Data extract:
————————

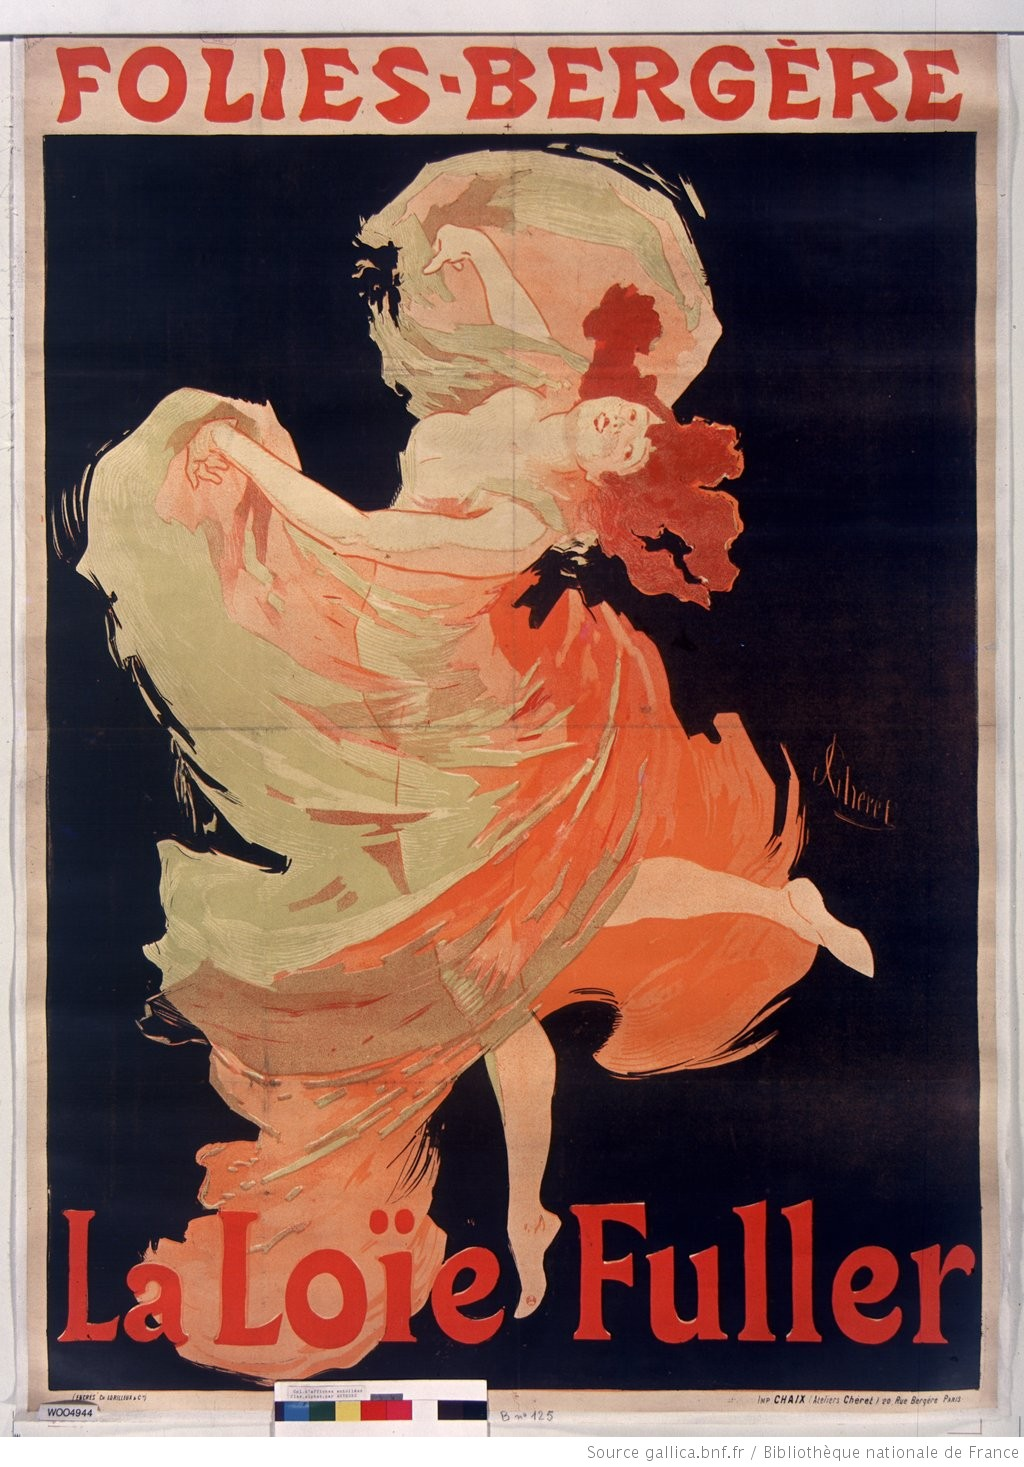 folies_bergere_la_loi%cc%88e_fuller_-cheret_jules_btv1b9015255s
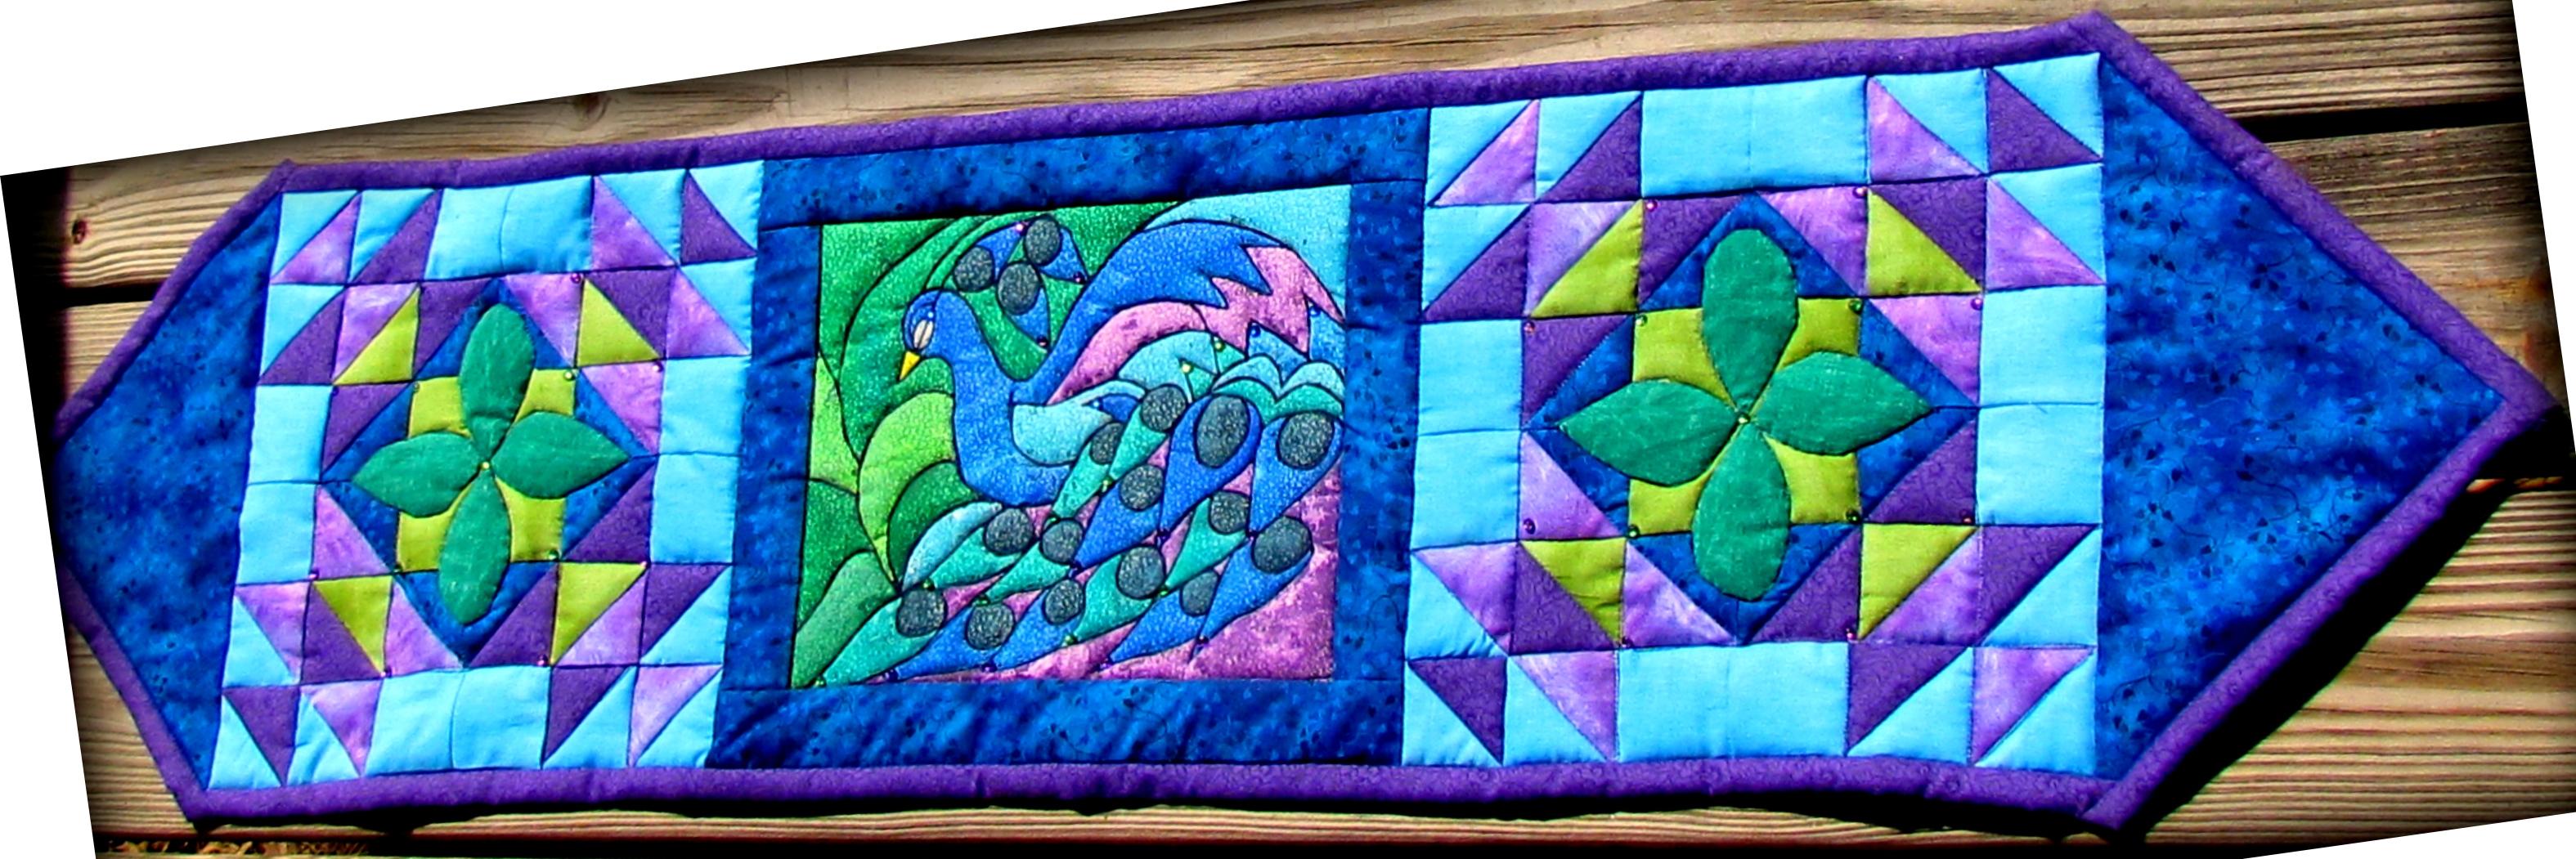 Suzy S Majestic Peacock Ebook Pattern
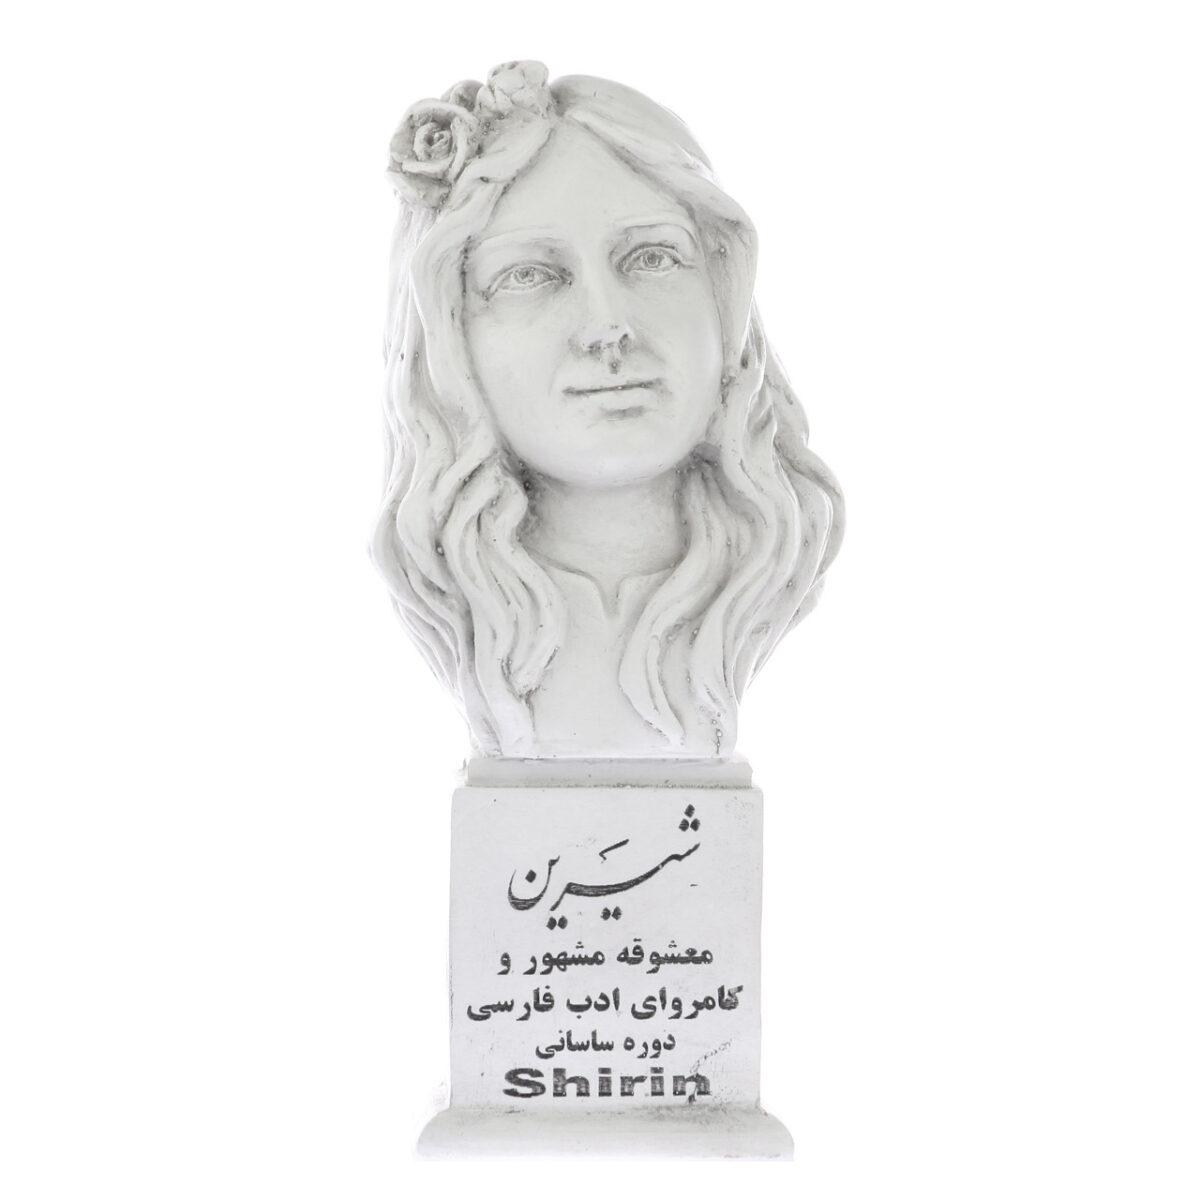 shirin s 1200x1200 - سردیس شیرین
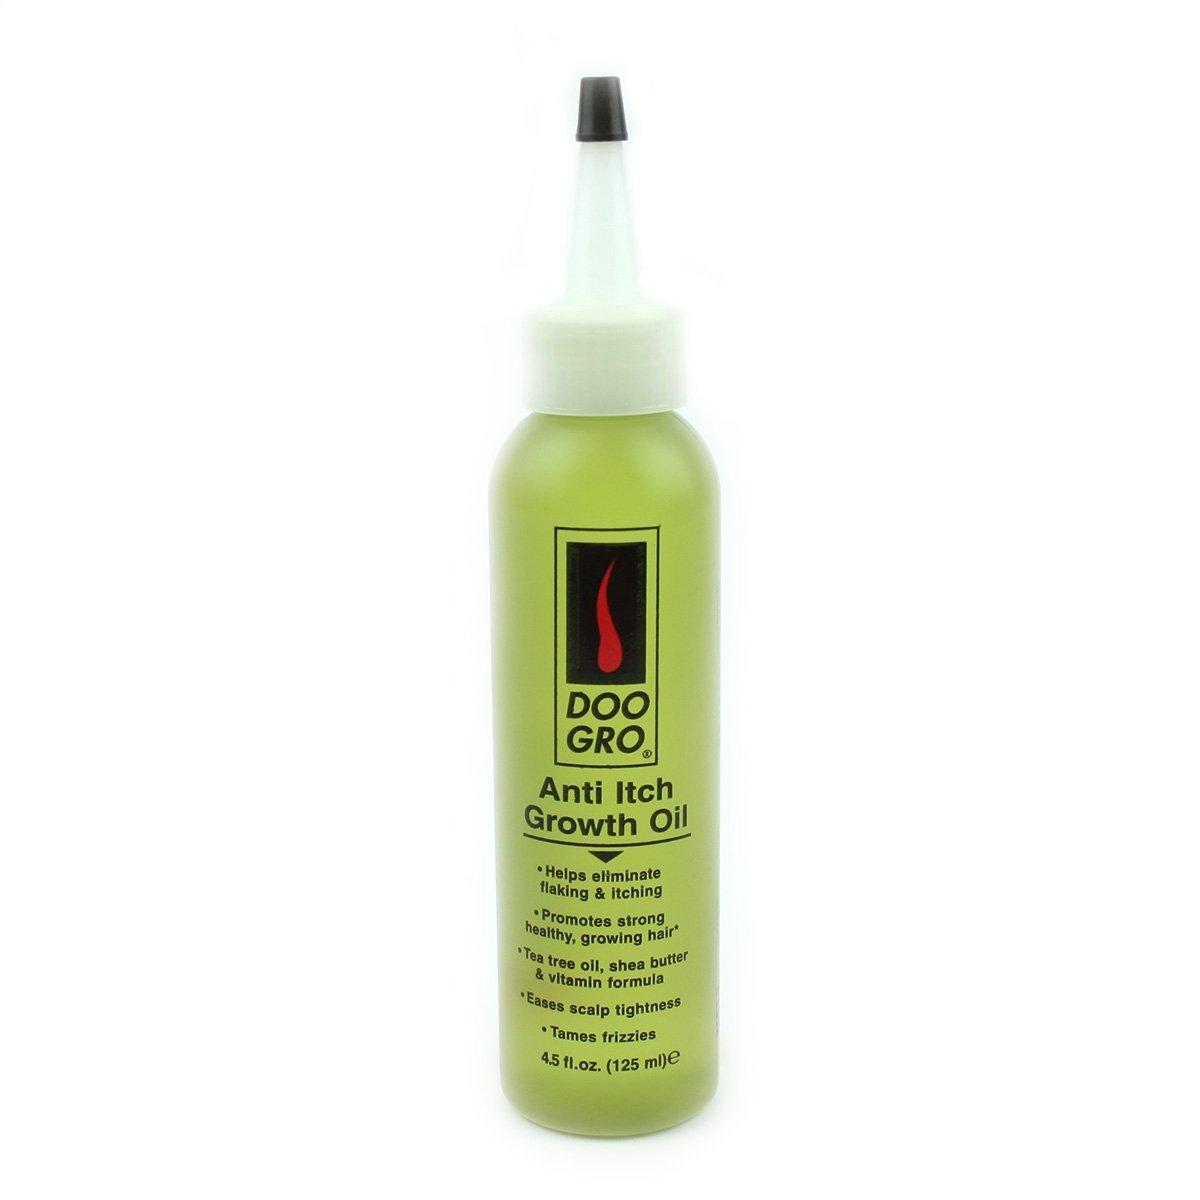 DOO GRO Anti-Itch Growth Oil, 4.5 oz

————————

Your goal:
Give the data above back unchanged, except for the pictures.

Result of the task:
 folies_bergere_la_loi%cc%88e_fuller_-cheret_jules_btv1b9015255s
 Suzy S Majestic Peacock Ebook Pattern
 shirin s 1200x1200 - سردیس شیرین
 DOO GRO Anti-Itch Growth Oil, 4.5 oz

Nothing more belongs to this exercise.